Weaknesses in regulatory framework remain after Credit Suisse collapse, says SNB
2024.06.20 01:11
ZURICH (Reuters) -Weaknesses in the Swiss financial regulatory framework persist following the 2023 collapse of Credit Suisse and must be addressed, the Swiss National Bank said on Thursday.
In a state-backed rescue, Credit Suisse was absorbed by its longtime rival UBS in 2023. Concerns that the enlarged lender posed risks for the economy prompted the government to propose tougher regulations for banks deemed “too big to fail” in April.
At the heart of the plan were proposals to have UBS hold more capital, but they still face a long political process.
In its annual financial stability report, the SNB said it shared the governing Federal Council’s view on the need for action on capital requirements, liquidity requirements, early intervention, and recovery and resolution planning.
“The current capitalisation of the combined UBS parent bank is stronger than that of the Credit Suisse parent bank before the crisis. Still, the weaknesses of the current regime remain and should be addressed,” the central bank said.

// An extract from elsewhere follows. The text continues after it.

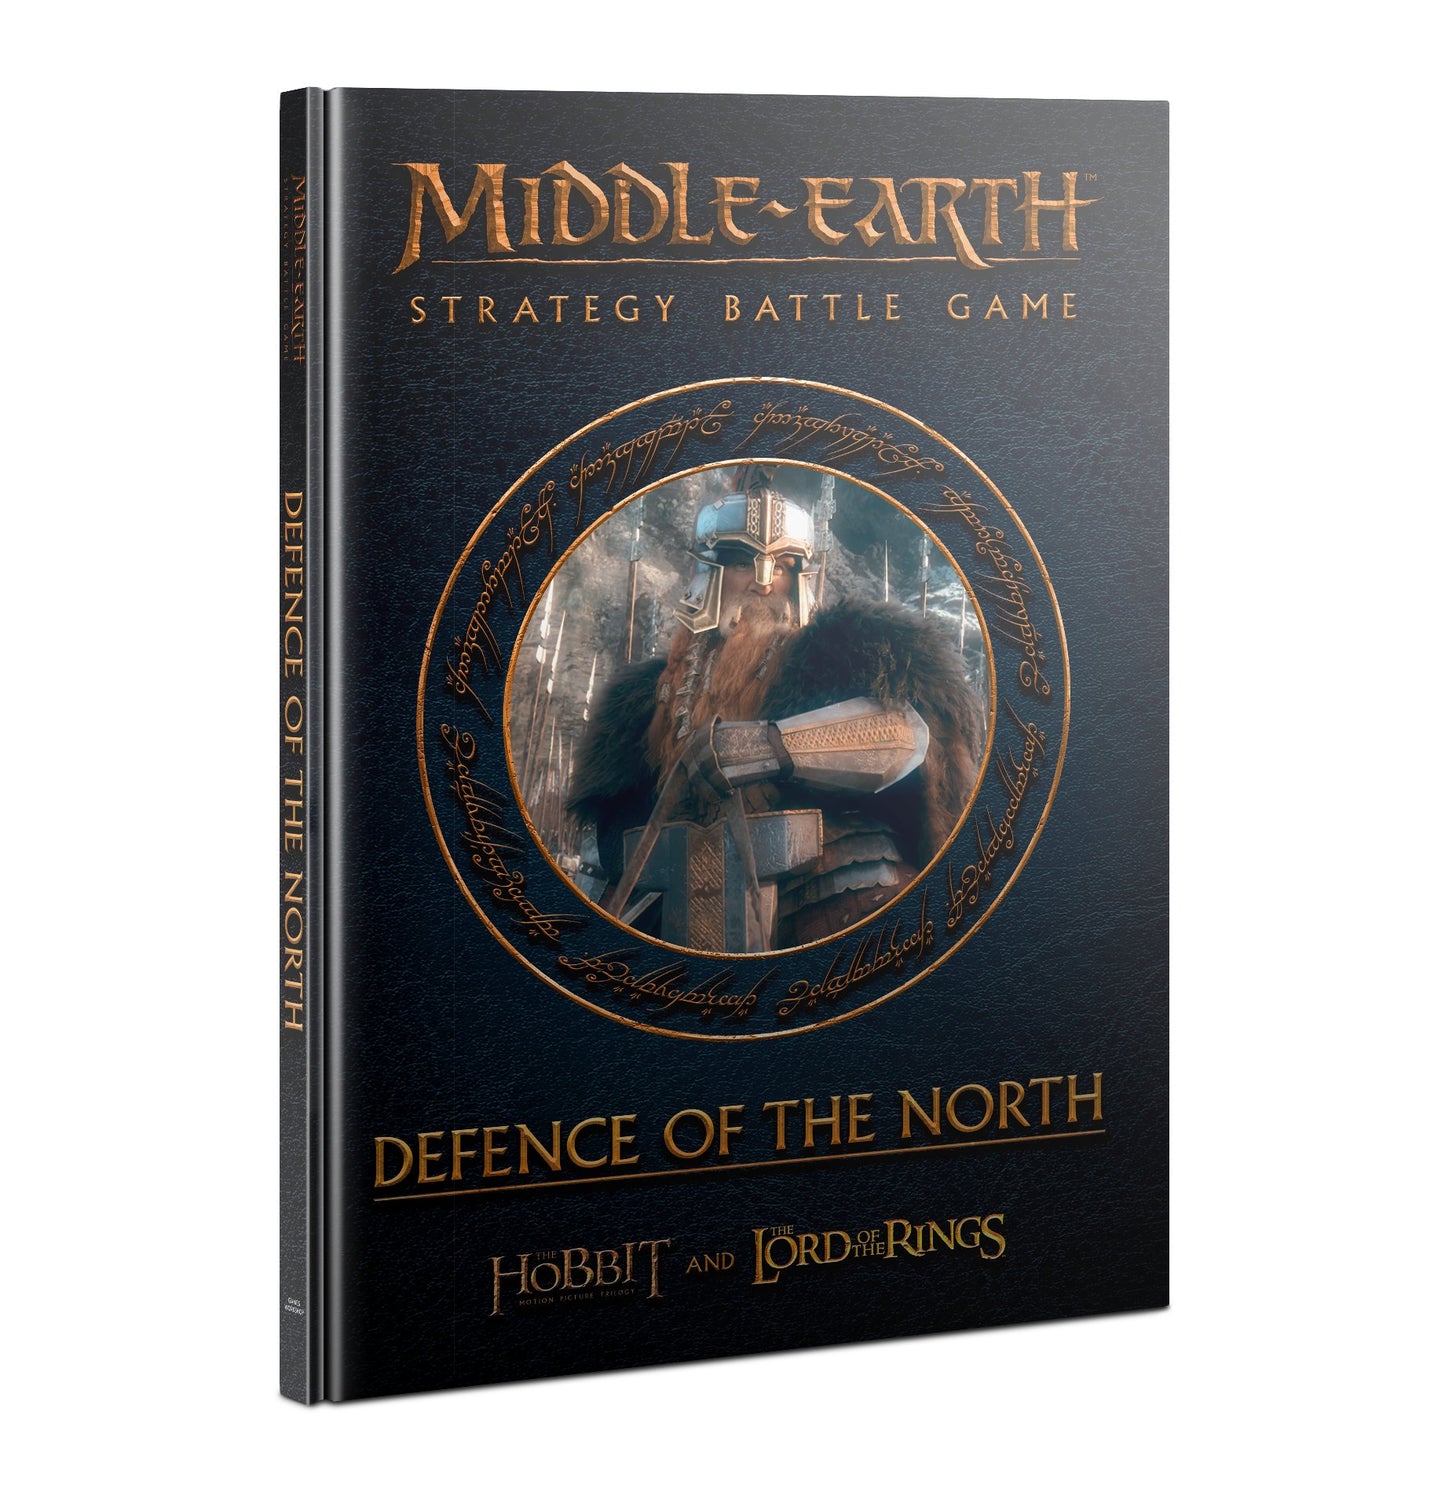 Middle-Earth Strategy Battle Game: Defence of the North

The SNB also backed a review of the liquidity coverage ratio, a key measure to gauge a bank’s ability to meet its cash demands, after the outflows of retail deposits during the Credit Suisse crisis were larger and faster than the ratio assumed.
On Wednesday, Switzerland’s financial regulator said that the UBS takeover of Credit Suisse did not create any competition concerns, despite recommendations from the country’s antitrust watchdog that it merited further scrutiny.